Petitioner Johnny Ray Walker, a Texas prisoner, filed a pro se petition for a writ of habeas corpus under 28 U.S.C. § 2254. For the following reasons, the petition should be denied.

I.

Petitioner challenges his conviction for murder. State of Texas v. Johnny Ray Walker, No. F-1360285-Y (7th Dist. Ct., Dallas County, Tex., September 18, 2014). In 2014, a jury found Petitioner guilty of murder, and the trial court sentenced him to 99 years imprisonment. The Fifth District Court of Appeals affirmed the judgment, Walker v. State, No. 05-14-01229-CR, 2016 WL 259577 (Tex. App. - Dallas 2016, pet. ref'd), and the Texas Court of Criminal Appeals refused discretionary review, Walker v. State, No. PD-0129-16. Petitioner then filed a state habeas petition, Ex parte Walker, No. 86,495-01, which the Court of Criminal Appeals denied without written order on the findings of the trial court without a hearing.

Petitioner filed the instant § 2254 petition on January 3, 2018. In two general grounds for relief, Petitioner claims his counsel provided ineffective assistance at trial by: (1) failing to impeach two prosecution witnesses; and (2) failing to object to a jury instruction on voluntary intoxication.

II.

1. Standard of Review

The role of federal courts in reviewing habeas corpus petitions by prisoners in state custody is exceedingly narrow. A person seeking federal habeas corpus review must assert a violation of a federal constitutional right. Lowery v. Collins, 988 F.2d 1364, 1367 (5th Cir. 1993). Federal habeas corpus relief will not issue to correct errors of state constitutional, statutory, or procedural law, unless a federal issue is also present. Estelle v. McGuire, 502 U.S. 62, 67-68 (1991); West v. Johnson, 92 F.3d 1385, 1404 (5th Cir. 1996). When reviewing state proceedings, a federal court does not sit as a super state appellate court. Dillard v. Blackburn, 780 F.2d 509, 513 (5th Cir. 1986).
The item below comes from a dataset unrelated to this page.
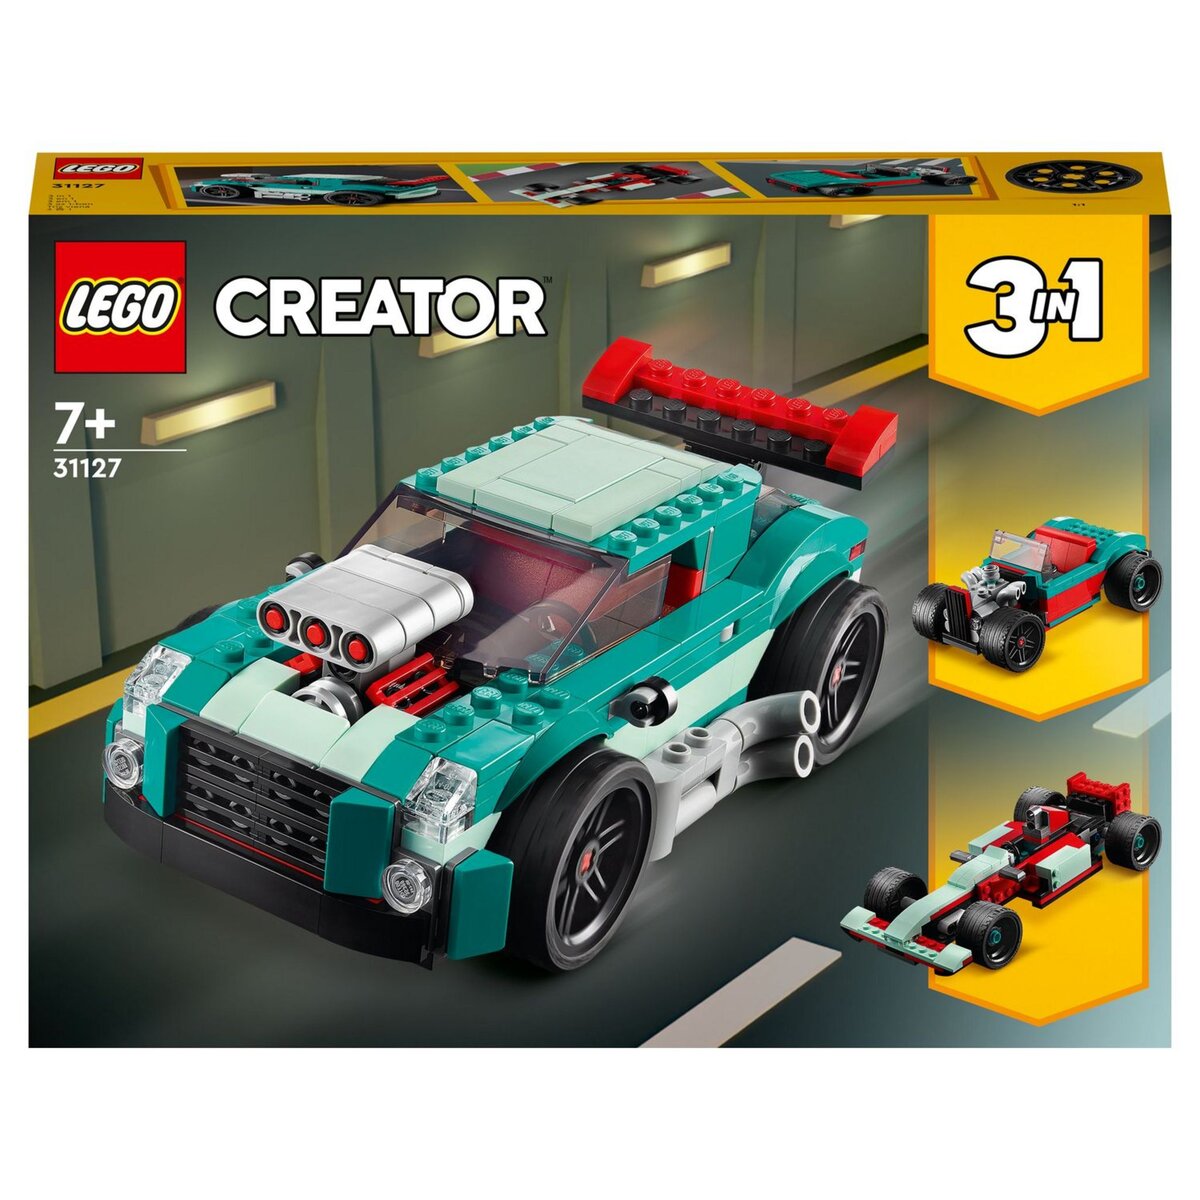 Lego Creator pas cher

Federal habeas corpus relief for state prisoners has been further limited by the Antiterrorism and Effective Death Penalty Act of 1996 (the "AEDPA"). The pertinent terms of the AEDPA, 28 U.S.C. § 2254, provide:

(d) An application for writ of habeas corpus on behalf of a person in custody pursuant to the judgment of a state court shall not be granted with respect to any claim that was adjudicated on the merits in State court proceedings unless the adjudication of the claim — (1) resulted in a decision that was contrary to, or involved an unreasonable application of, clearly established Federal law, as determined by the Supreme Court of the United States; or (2) resulted in a decision that was based on an unreasonable determination of the facts in light of the evidence presented in a State court proceeding.
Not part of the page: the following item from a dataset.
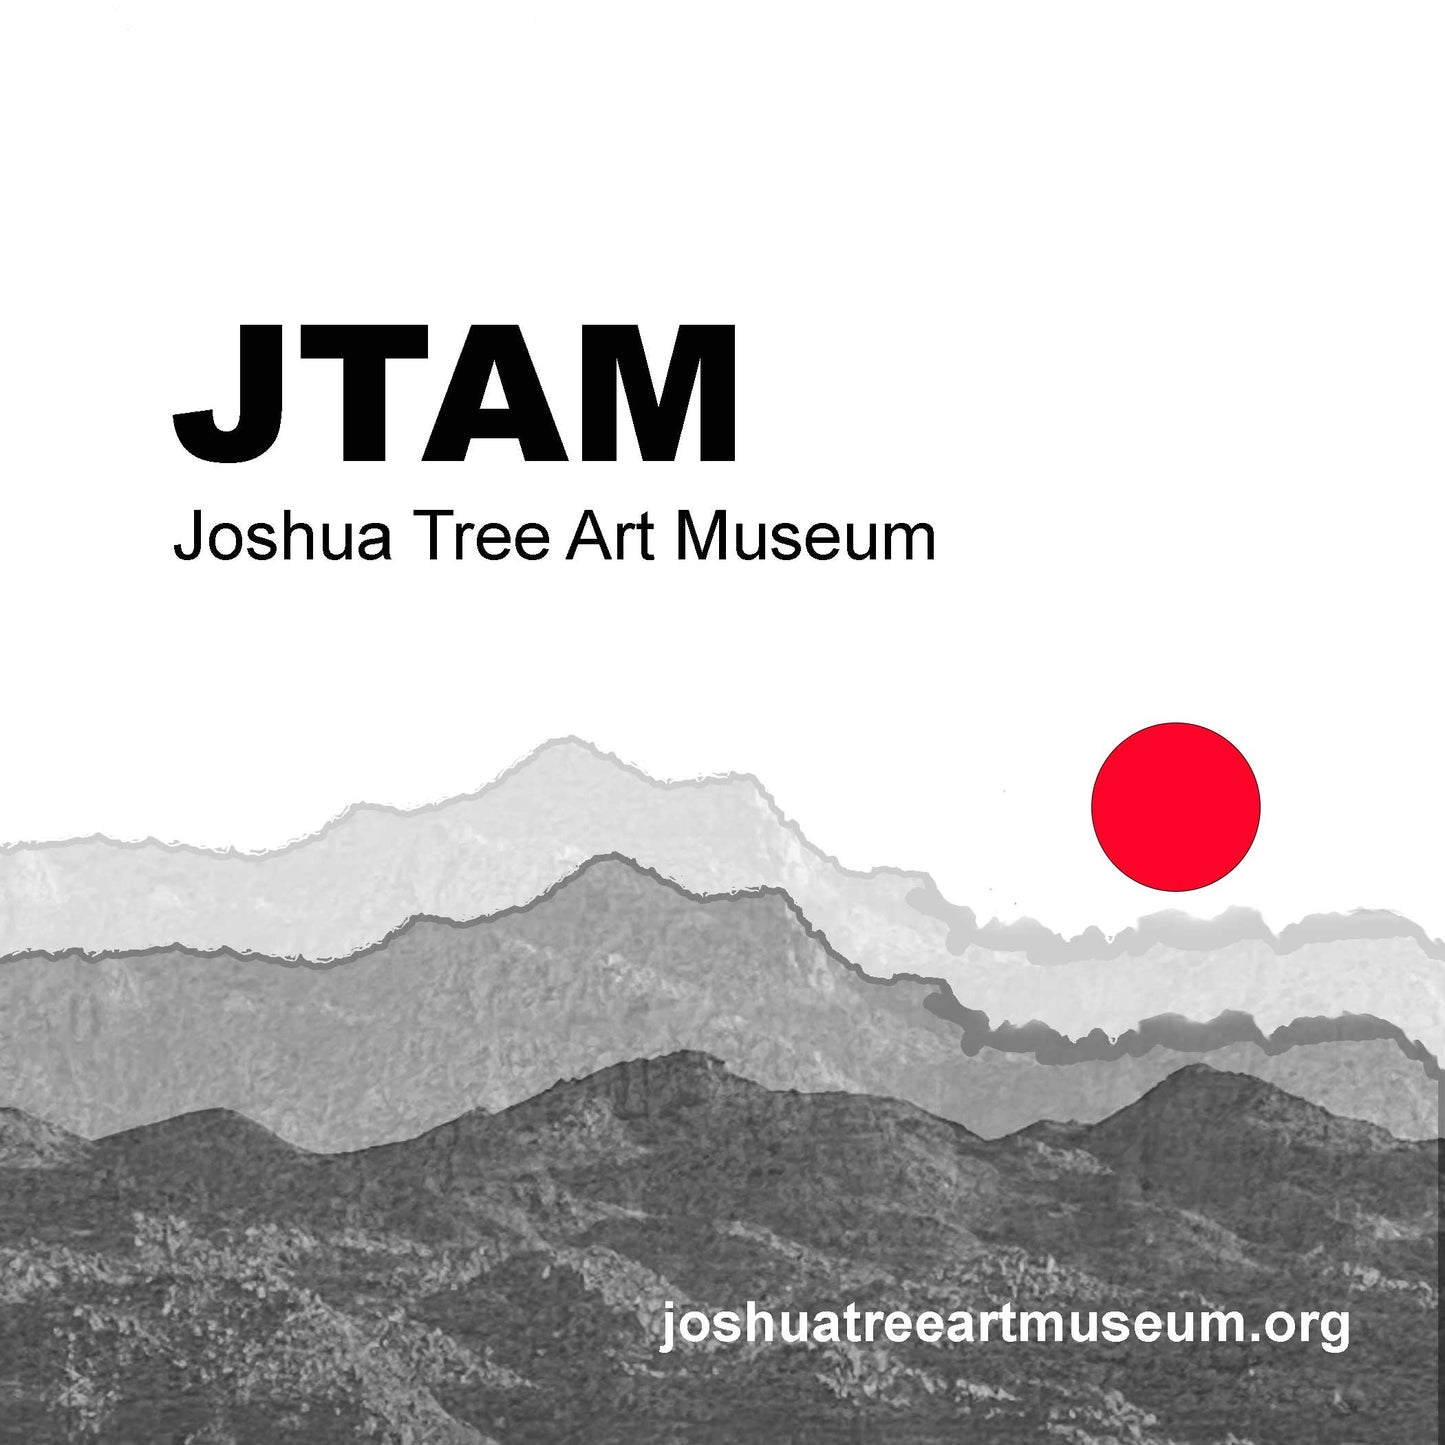 JTAM Joshua Tree Art Museum 3"X3" holographic sticker

See 28 U.S.C. § 2254(d). Under the "contrary to" clause, a federal habeas court may grant the writ of habeas corpus if the state court arrives at a conclusion opposite to that reached by the United States Supreme Court on a question of law or if the state court decides a case differently from the United States Supreme Court on a set of materially indistinguishable facts. Williams v. Taylor, 529 U.S. 362, 380-84 (2000). Under the "unreasonable application" clause, a federal court may grant a writ of habeas corpus if the state court identifies the correct governing legal principle from the United States Supreme Court's decisions, but unreasonably applies that principle to the facts of the prisoner's case. Id. As a condition for obtaining habeas corpus relief from a federal court, a state prisoner must show that the state court's ruling on the claim being presented in federal court was so lacking in justification that there was an error well understood and comprehended in existing law beyond any possibility for fair-minded disagreement. Harrington v. Richter, 562 U.S. 86,105 (2011). A petitioner must show that there was no reasonable basis for the state court to deny relief. Id., at 98.
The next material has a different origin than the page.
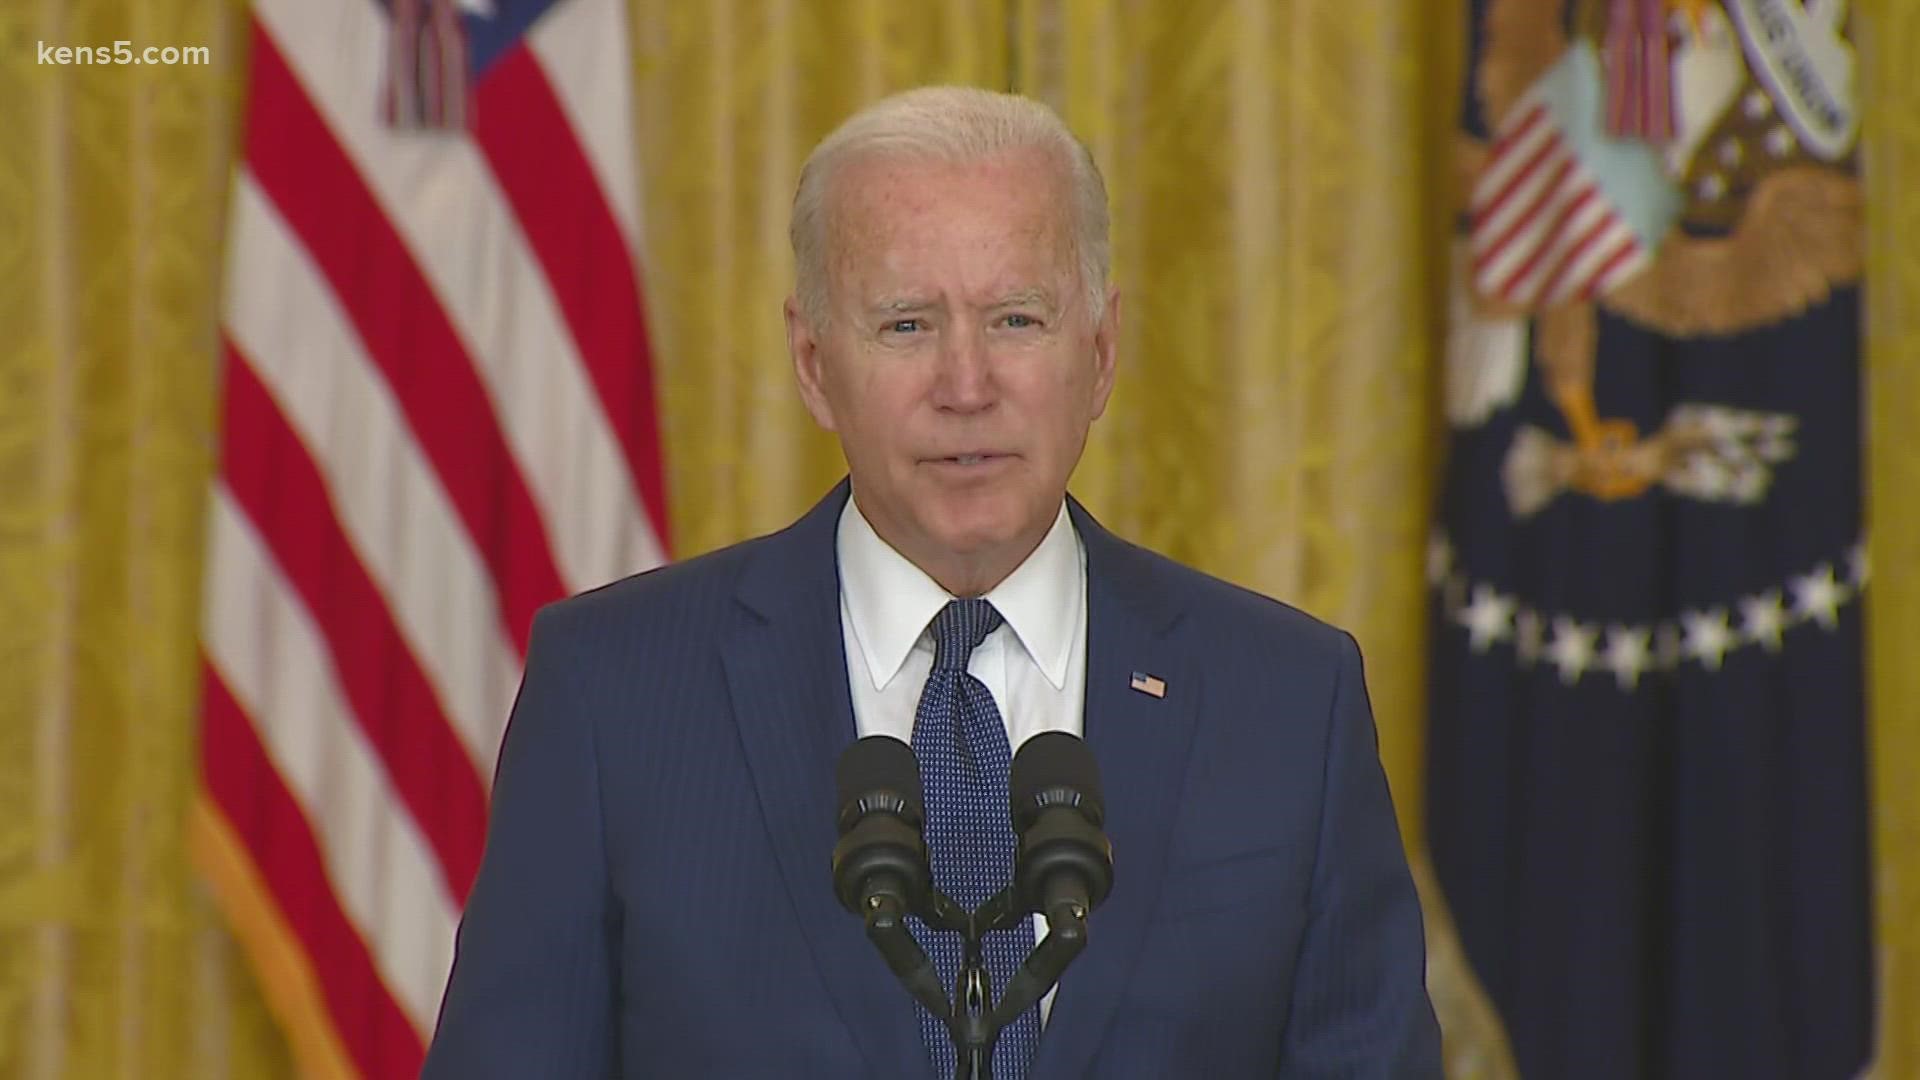 President Biden said Thursday that the military will retaliate against ISIS for Thursday's attack.

Under Texas law, when the Court of Criminal Appeals denies a state habeas petition, as in the present case, the "denial" means that the court rejected the merits of a particular claim. See Miller v. Johnson, 200 F.3d 274, 281 (5th Cir. 2000) ("Under Texas law, a denial of relief by the Court of Criminal Appeals serves as a denial of relief on the merits of the claim."); Ex parte Torres, 943 S.W.2d 469, 472 (Tex. Crim. App. 1997) (en banc) ("In our writ jurisprudence, a `denial' signifies that we addressed and rejected the merits of a particular claim while a `dismissal' means that we declined to consider the claim for reasons unrelated to the claims merits."). Because the Court of Criminal Appeals denied Petitioner's claims on the merits, the deferential AEDPA standard of review applies to this petition.

2. Ineffective Assistance of Counsel

To succeed on a claim of ineffective assistance of counsel, a petitioner must show "counsel's representation fell below an objective standard of reasonableness," with reasonableness judged under professional norms prevailing at the time counsel rendered assistance. Strickland v. Washington, 466 U.S. 668, 690 (1984). The standard requires the reviewing court to give great deference to counsel's performance, strongly presuming counsel exercised reasonable professional judgment. Id. The right to counsel does not require errorless counsel; instead, a criminal defendant is entitled to reasonably effective assistance. Murray v. Maggio, 736 F.2d 279, 281-82 (5th Cir. 1984); Boyd v. Estelle, 661 F.2d 388, 389 (5th Cir. 1981).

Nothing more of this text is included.